Idaho’s school reform fight a skirmish in national battle

Published: September 25, 2012 

In the struggle to fix the nation’s public schools, the old red-state, blue-state idea is looking as dated as Dick and Jane. You can hear the change in the voice of Gov. Butch Otter, a Republican in one of the most deeply conservative corners of the country, when he expresses a brotherhood bond with Rahm Emanuel, the Democratic mayor of Chicago and former Obama administration chief of staff.

“I could empathize with Rahm and what he was going through,” Otter said about the recently settled teacher strike in Chicago.

“It’s not the teachers,” Otter said, paraphrasing Emanuel’s tough-guy script from a news conference at the height of the standoff. “It’s the union bosses.”

Chicago’s fight may be over, but in Idaho, where a three-part proposition on performance pay, tenure and technology in the classroom is roaring toward Election Day, the debate over schools has morphed into a harsh discussion about whom the voters should trust.

And as Otter’s attack line shows, the political and social battle lines are blurred — neither predictably conservative nor liberal, and often tinged with emotion about what schools can and might be.

South Dakota and Michigan also have questions on their ballots that ask voters to weigh in on collective bargaining issues. Voters in California and Arizona will decide on new or expanded taxes to support their schools. At least 20 state legislatures addressed teacher tenure this year, most of them shifting power from unions to districts, according to the National Conference of State Legislatures, a nonpartisan group.

But Idaho’s track through the faculty lounge — closely watched by labor and education interests around the nation — is still a case apart in the magnitude of the changes and how they came to be.

In a mostly rural state where the recession was particularly brutal in construction and manufacturing, lawmakers carved some of the deepest cuts in school spending in the nation. Per-pupil outlays fell 19 percent between fiscal 2008 and 2013 — only Arizona, Alabama and Oklahoma cut more — according to a report by the Center on Budget and Policy Priorities, a policy research group focused on low- and moderate-income families.

In 2011 the Legislature passed, and Otter signed, a regulatory overhaul of public education: eliminating tenure and stripping teachers of most collective bargaining rights, yet promising hand-held computers for students.

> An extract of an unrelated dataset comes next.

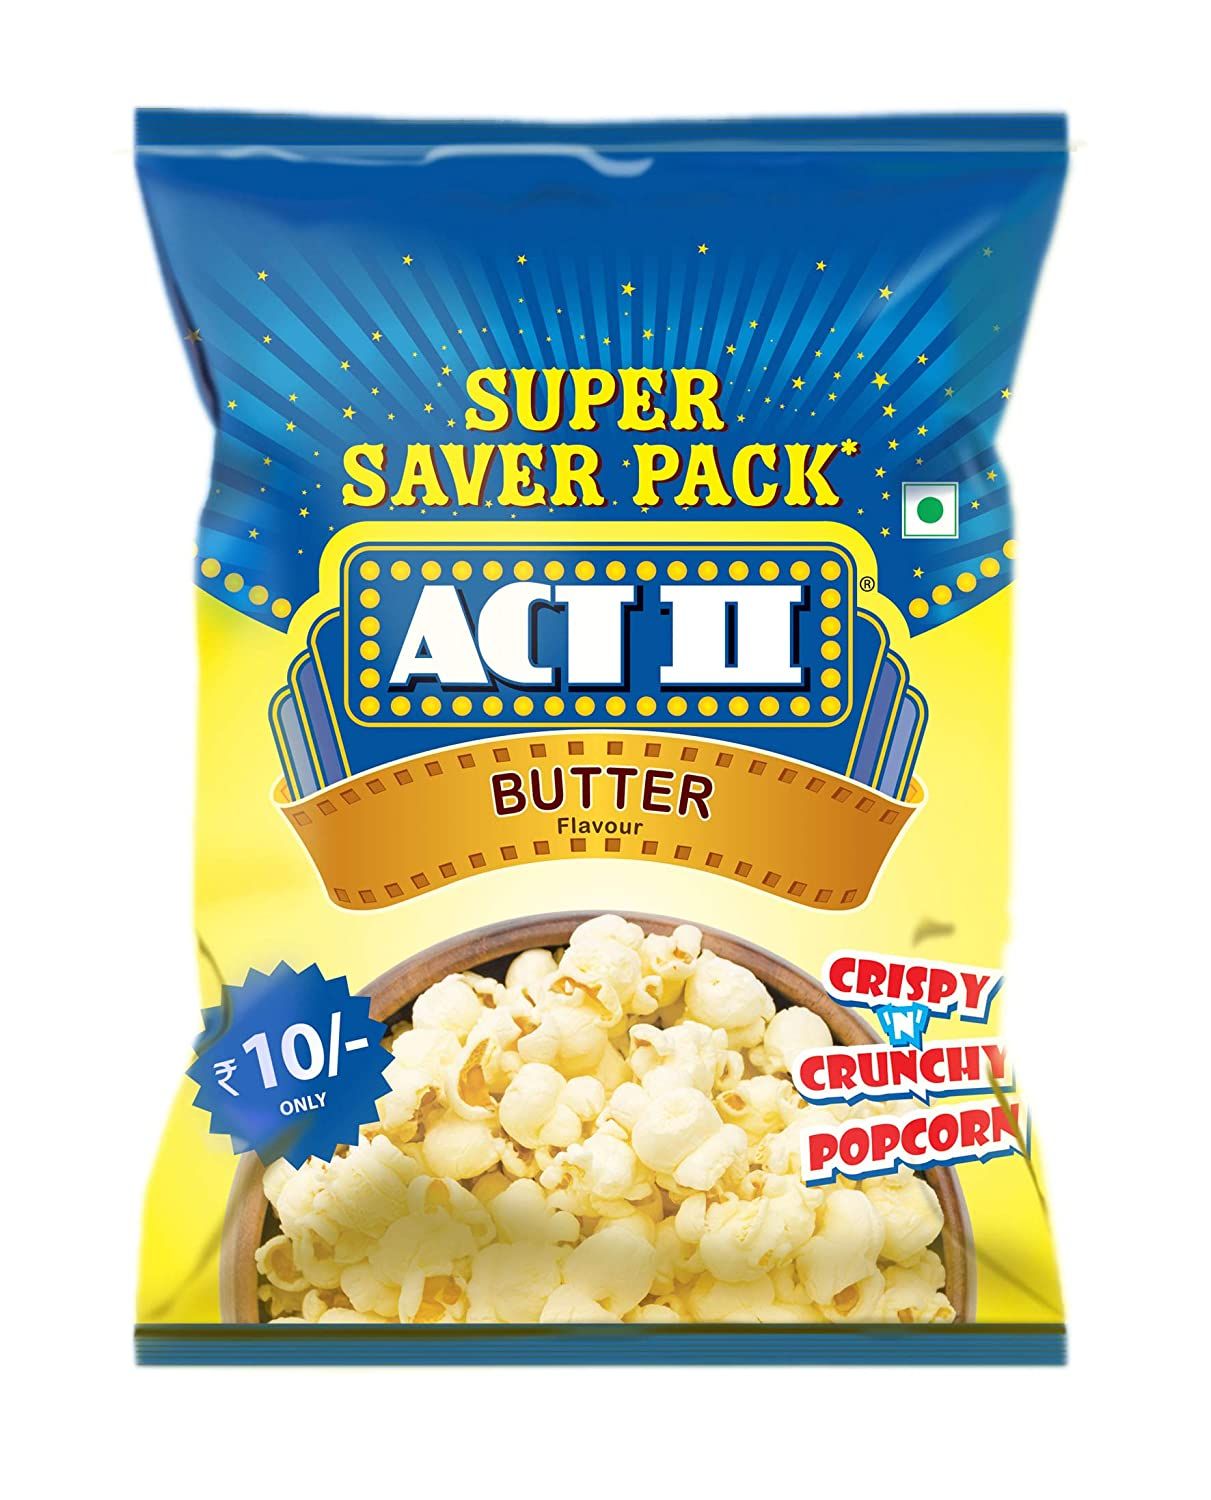 Act II RTE Butter Popcorn Image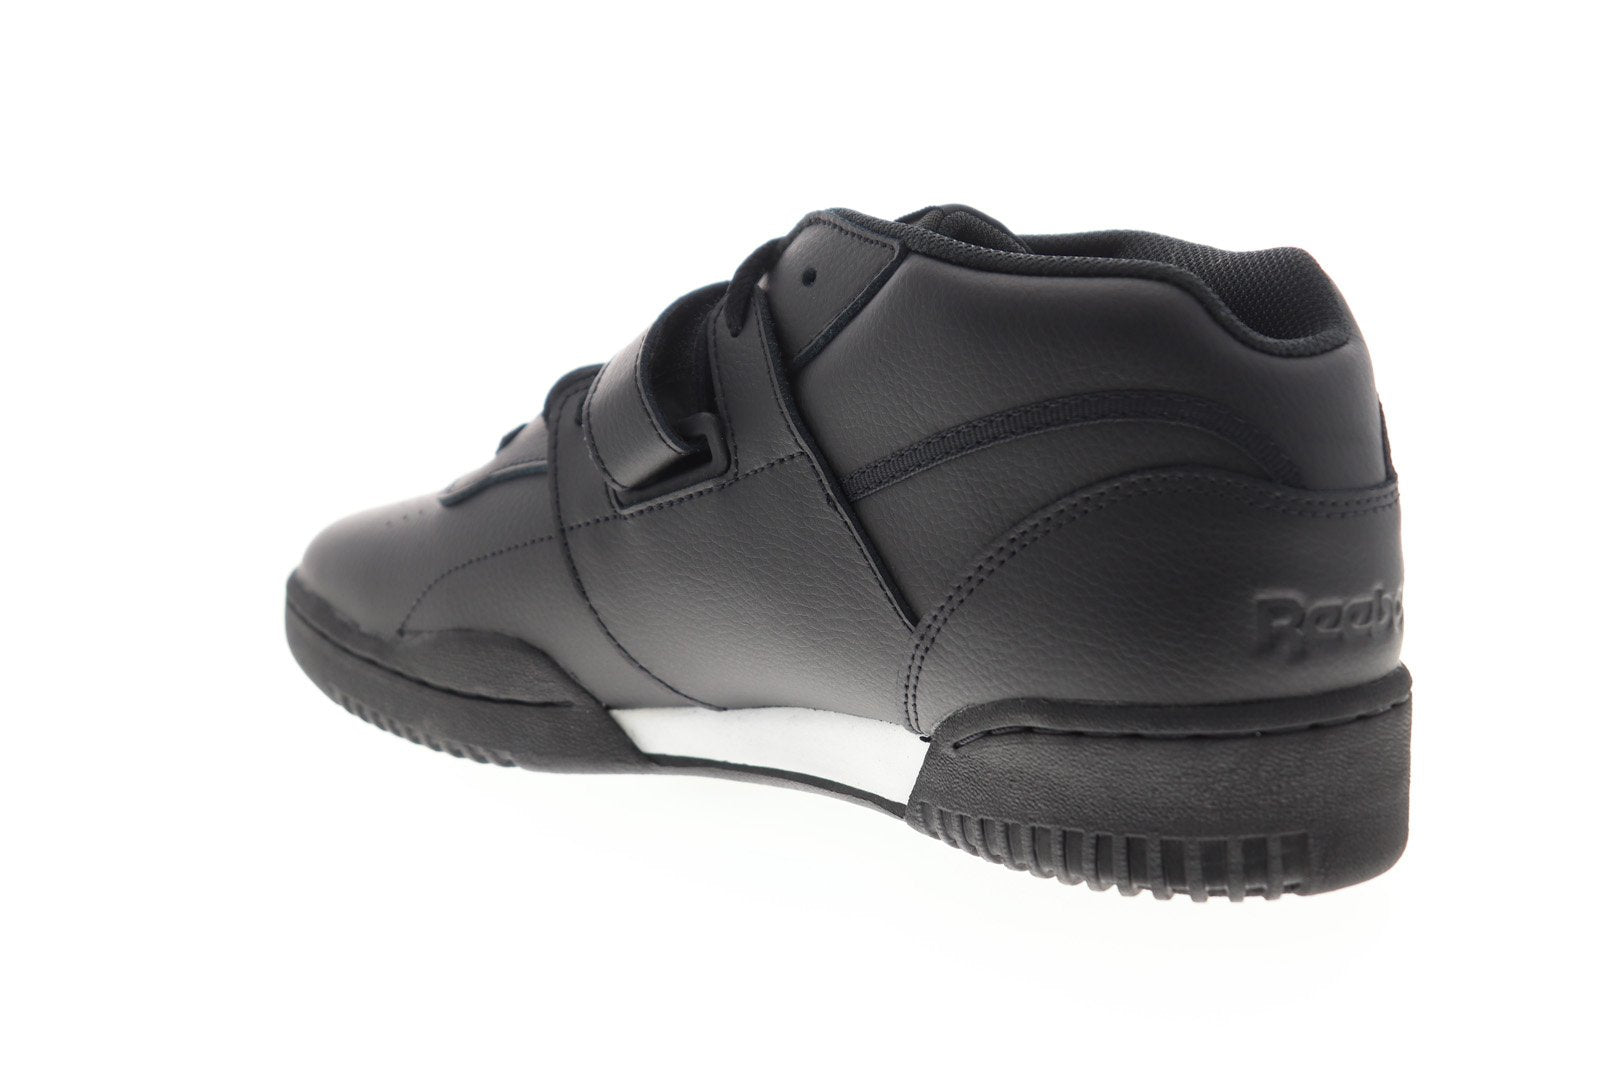 Reebok Workout Clean Mid Strap CN7408 Mens Black Lifestyle - Shoes

That created the context that both sides are now fighting over in television ads and political broadsides. The teachers’ union and its allies wonder if the state’s regulatory changes were sincerely aimed at improving schools, or a cynical move — with the recession as cover story — to eliminate one of the last vestiges of union life in a fiercely anti-union state.

The governor and his allies ask if teachers really want the best for students, or if they are fighting to defend cushy rights in setting schedules and curriculums that few other workers enjoy.

FROM OHIO TO IDAHO

Whether public employees in general have it too good in a transformed global economy is a question in a number of states. Last year, Ohio residents struck down a package of laws that reduced public employee perks. The recall election in Wisconsin this year was a public-worker debate by proxy, as Gov. Scott Walker, a Republican who had pushed through a rights-reduction package, was reconfirmed.

In Idaho it is all about what happens in the classroom.

AUSTERITY, CREDIBILITY

“If you look at polling, union leaders are one of the least respected when it comes to getting information about education, but teachers are always at the top,” said Tom Luna, Idaho’s superintendent of public instruction, who led the overhaul drive.

Firing back, teachers and their union representatives say the overhaul, formulated during Idaho’s application for federal funds in the Obama administration’s Race to the Top education incentive program, was mostly about austerity.

Luna “tried to claim there was a need for reform, when in actuality it was a political answer to our economic conditions,” said Robin Nettinga, the executive director of the Idaho Education Association. The association, representing about 13,000 teachers, led a petition drive this year to challenge the overhaul package and put it on the ballot. Its yard signs urge voters to strike down “the Luna Laws.”

Some district administrators say they fear that in their bloodletting both sides are forgetting the students.